В прусской столице — а точнее за городом, близ Потсдама — были выстроены павильоны в национальном стиле, организованы сцены, места для проведения выставок и демонстрации оживших иллюзий. Главный павильон построенный в футуристическом стиле из стекла и стали с кованными декоративными элементами — разборная конструкция, которая в впоследствии переезжала вместе с фестивалем по городам континента — настолько отличался от привычной обывателям архитектуры, что заслужил собственное имя — «Ледяной дворец». Несмотря на то, что Россия уже давно не являлась исключительно северной страной, а кое какие ее земли и вовсе располагались в местах, где зимы не бывает никогда, полностью сломить это реноме, кажется, было просто невозможно.
— Да… С императором вам повезло, ничего не скажешь, — задумчиво протянул Штраус. — Будь наш Фердинанд хоть в половину таким, не пришлось бы уезжать из Вены.
На некоторое время над столом повисло молчание, каждый из сидящих за столиких музыкантов думал о своем.
Что касается «русских сезонов», то триумфально объехав большую часть Европы, побывав почти во всех столицах и просто крупных городах континента, фестиваль в итоге вернулся в Россию, где в 1852 году стал частью проходившей в Николаеве Всемирной выставки, на которой были представлены не только культурные, но и промышленные достижения империи.
«Русские сезоны» стали не только финансово успешным мероприятием, но и на несколько десятилетий утвердили в европейских странах моду на русскую культуру.
Глава 7
1846 год стал для империи годом больших потрясений. Одновременно с этим именно в 1846 году ко мне пришло осознание того, что Российская империя из феодально-агарной страны уже полноценно превратилась капиталистическую и индустриальную. Есть в этом нечто парадоксальное: оценивать собственные достижения через призму проблем, которые начинают на тебя сваливаться.
Еще зимой казалось, что все идет по накатанной дорожке и послезнание позволяет обходить все овраги на пути в будущее. На время холодов мы уже традиционно переехали на юга. В январе Черноморскому флоту передали два первых парусно-винтовых корвета типа «Г» — «Громкий» и «Грозящий» — построенных на модернизированных верфях бывшей турецкой столицы. В марте поучаствовал в открытии железнодорожной ветки Бухарест-Варна — не полностью правда, капитальный мост через Дунай предстояло еще достраивать пару лет.
Были установлены дипломатические отношения с Сиамом. Эта страна зажатая с запада и юга Британией, а с востока Францией отчаянно искала себе такого покровителя, который спасет ее от превращения в колонию но при этом не будет сильно вмешиваться в ее внутренние дела. В итоге договорились, что империя арендует у Сиама остров Пхукет на 99 лет под строительство венно-морской базы и одновременно с этим гарантирует королю Раме III, неприкосновенность его границ при столкновении с другими европейскими державами. В целом, что называется, ничего не предвещало беды.
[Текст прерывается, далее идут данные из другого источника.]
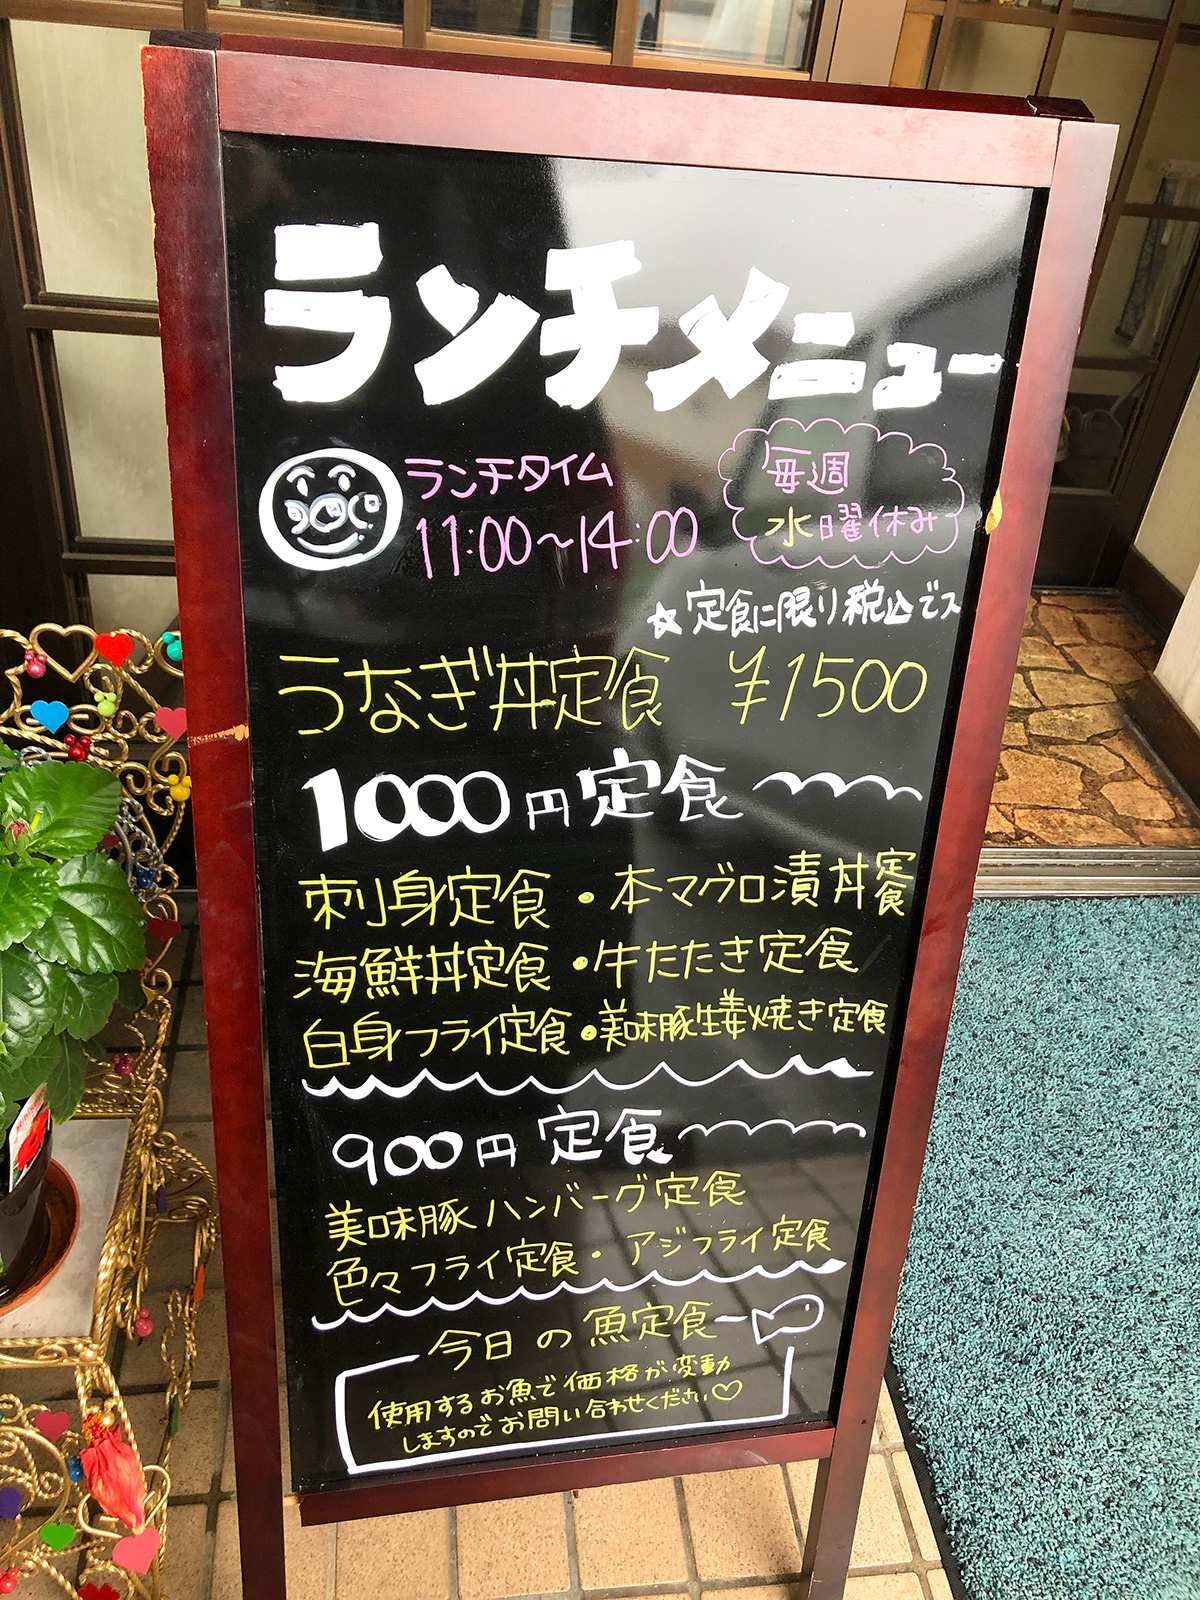 居酒屋 ほしの の色々フライ定食 名古屋市北区如意 ひとりめし食います 名古屋のお値打ちなランチを紹介するブログ

Впрочем, если копнуть несколько глубже — но как обычно такое понимание приходит только опосля — тревожные звоночки звучали и раньше. 1844 год выдался засушливым, что резко уронило урожаи по всей центральной России. Такое, вообще говоря, случалось регулярно, с периодичностью в 7–10 лет, поэтому особой паники неурожай не вызвал, запасы были, а сеть железных дорог уже более-менее спокойно позволяла перебрасывать хлеб в нуждающиеся районы.
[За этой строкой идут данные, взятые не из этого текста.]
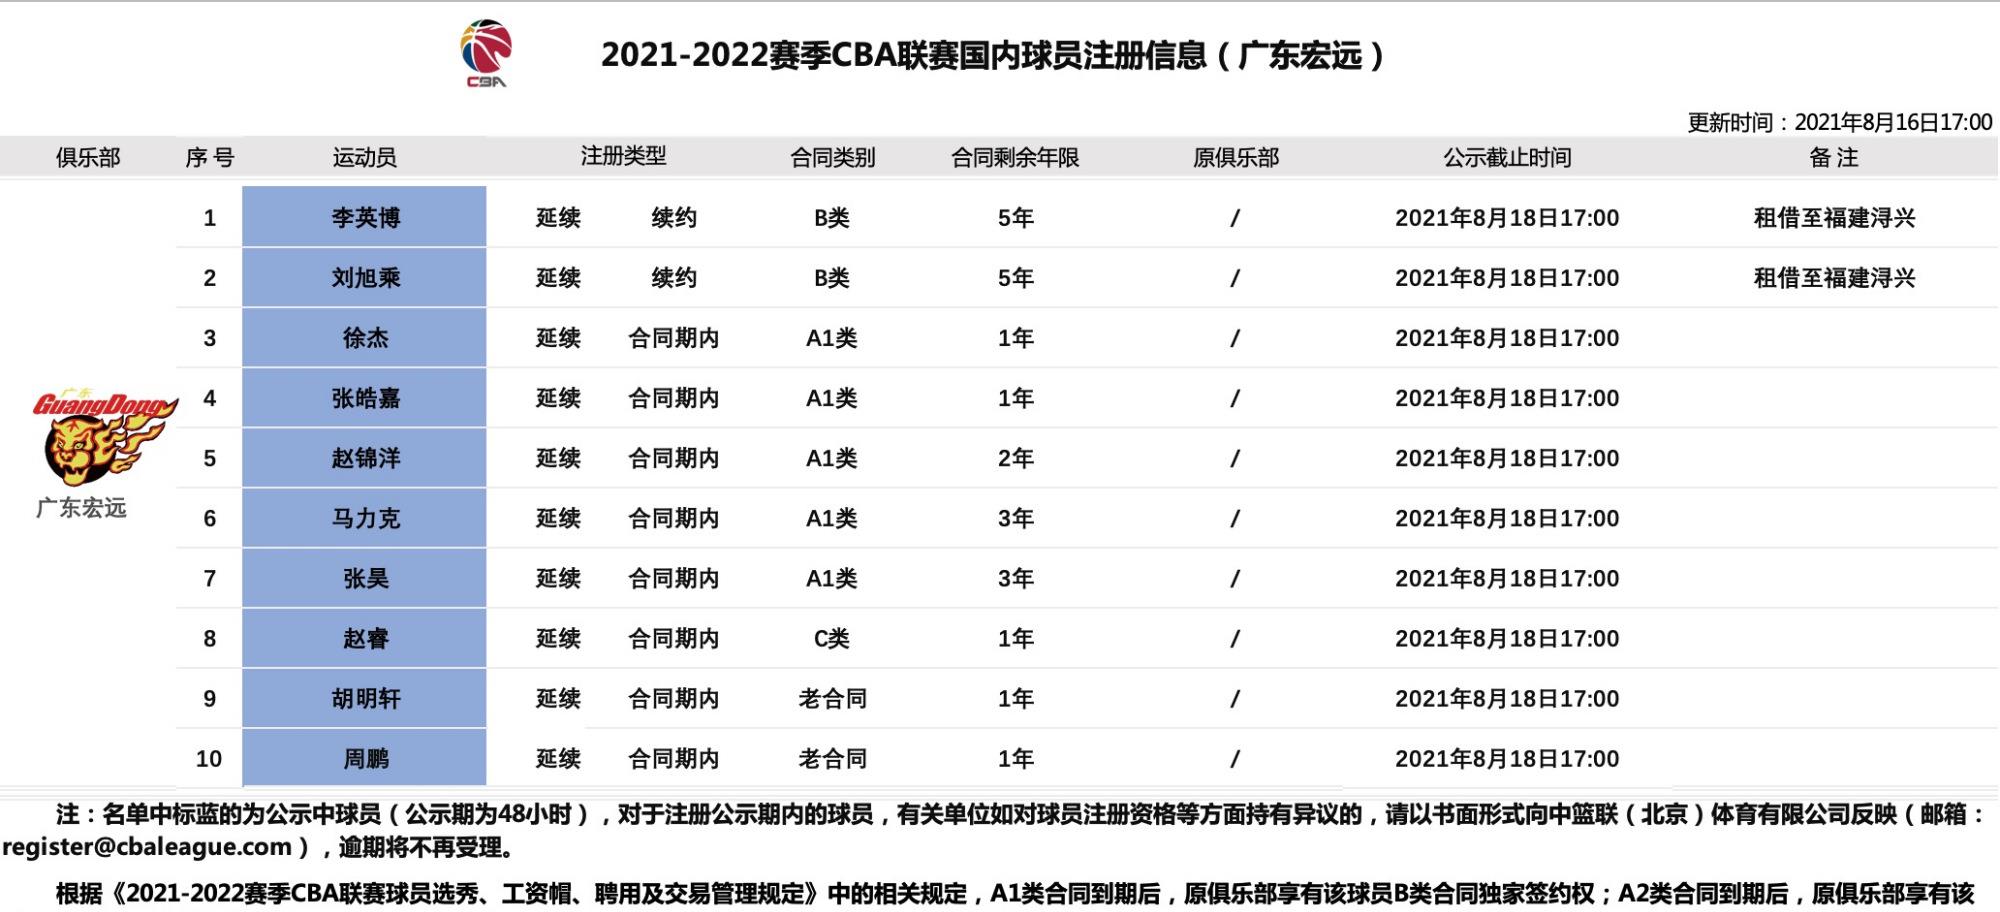 cba三消息:辽宁锁定新外援,全运会赛程出炉,广东注册10名球员

Однако одним годом все не ограничилось. 1845 год в противовес предыдущему оказался более холодным и дождливым, а зима 1845–1846 — холодной и бесснежной. Плохое сочетание для высаженных еще осенью озимых, которые в некоторых губерниях вымерзли практически подчистую. Опять же до реального массового голода было все еще далеко, но сразу два — а вернее два с половиной — неудачных с аграрной точки зрения года заставили цены на еду в городах начать медленно ползти вгору.
Ну а вишенкой на торте тут стал неурожай уже в этом 1846 году только не в России, а в восточной и центральной Европе. На Венгрию, южную и центральную Германию и северные Балканы обрушилась натуральная засуха. Дождей не было четыре месяца с апреля по июль и естественно собрать хоть какой-то урожай в такой ситуации просто не представлялось возможным. А если добавить сюда еще и продолжавшийся голод в Ирландии, то нет ничего удивительного, что цены на продовольствие на континенте резко взлетели вверх, стимулируя хлеботорговцев вывозить из России больше зерна и нанося тем самым болезненный удар по самым бедным в первую очередь городским слоям населения.
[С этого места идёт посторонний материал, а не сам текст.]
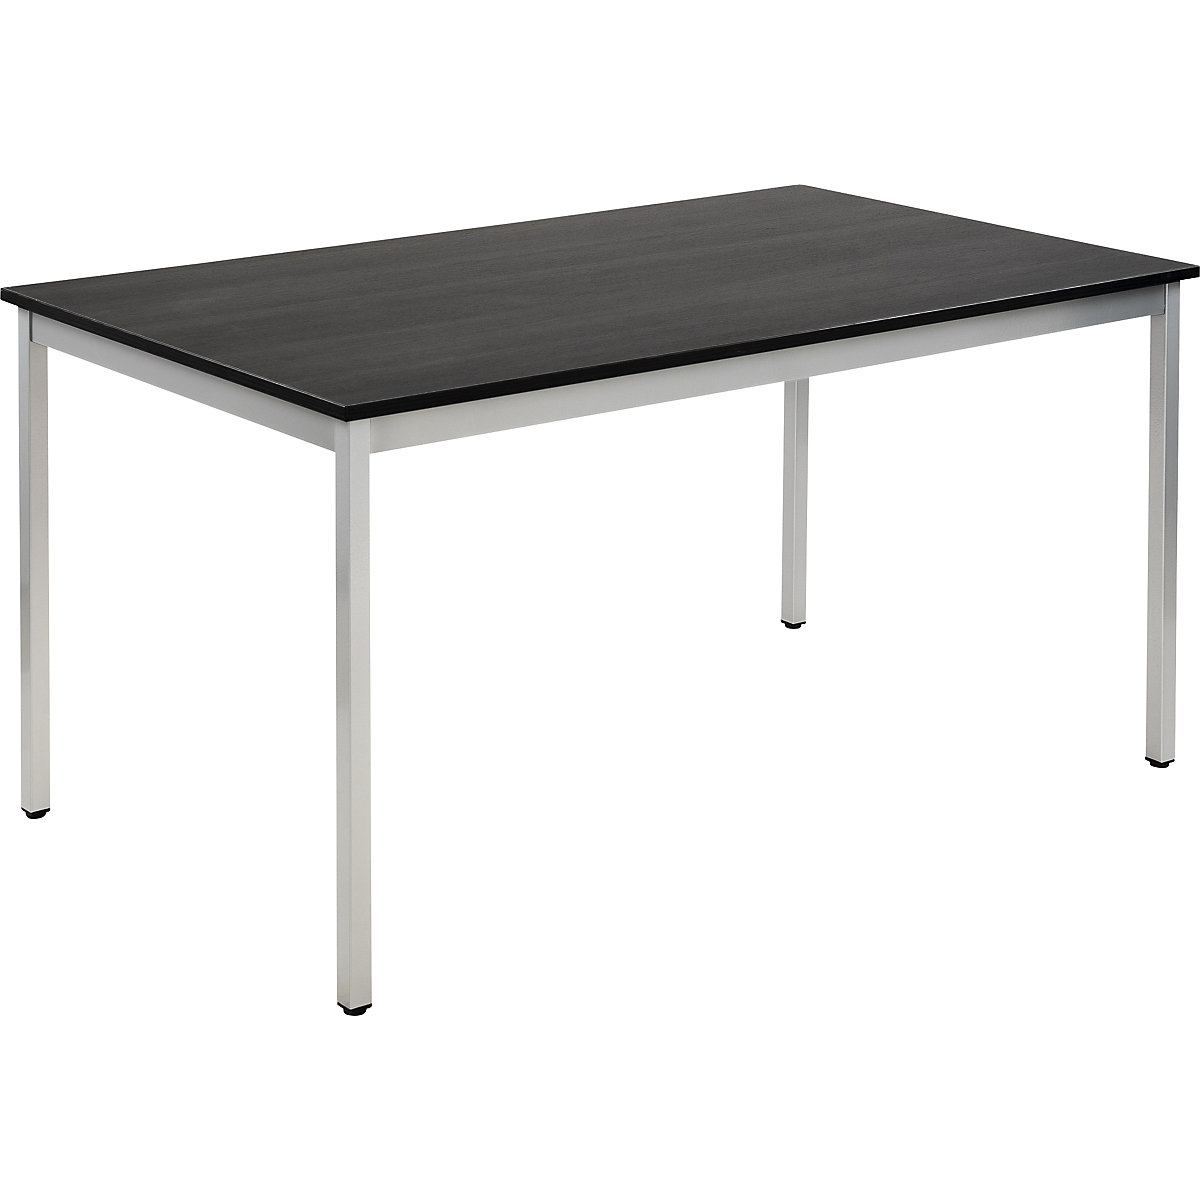 Table polyvalente – eurokraft basic, rectangulaire, l x h 1400 x 740 mm, profondeur 800 mm, plateau façon frêne gris foncé, piétement aluminium-15

Тут конечно была и доля моей — вместе с назначенными мною министрами — вины. Как минимум в том, что не отследили данные процессы и не прикрутили экспортный поток для насыщения внутреннего рынка. Однако последние годы проблем в этой отрасли не было, зерна хватало и для внутреннего потребления и на экспорт, а рекорды по сбору валового тоннажа зернопродукции обновлялись чуть ли не каждый год. Чтобы разглядеть тут потенциальную проблему нужно было быть поистине Нострадамусом.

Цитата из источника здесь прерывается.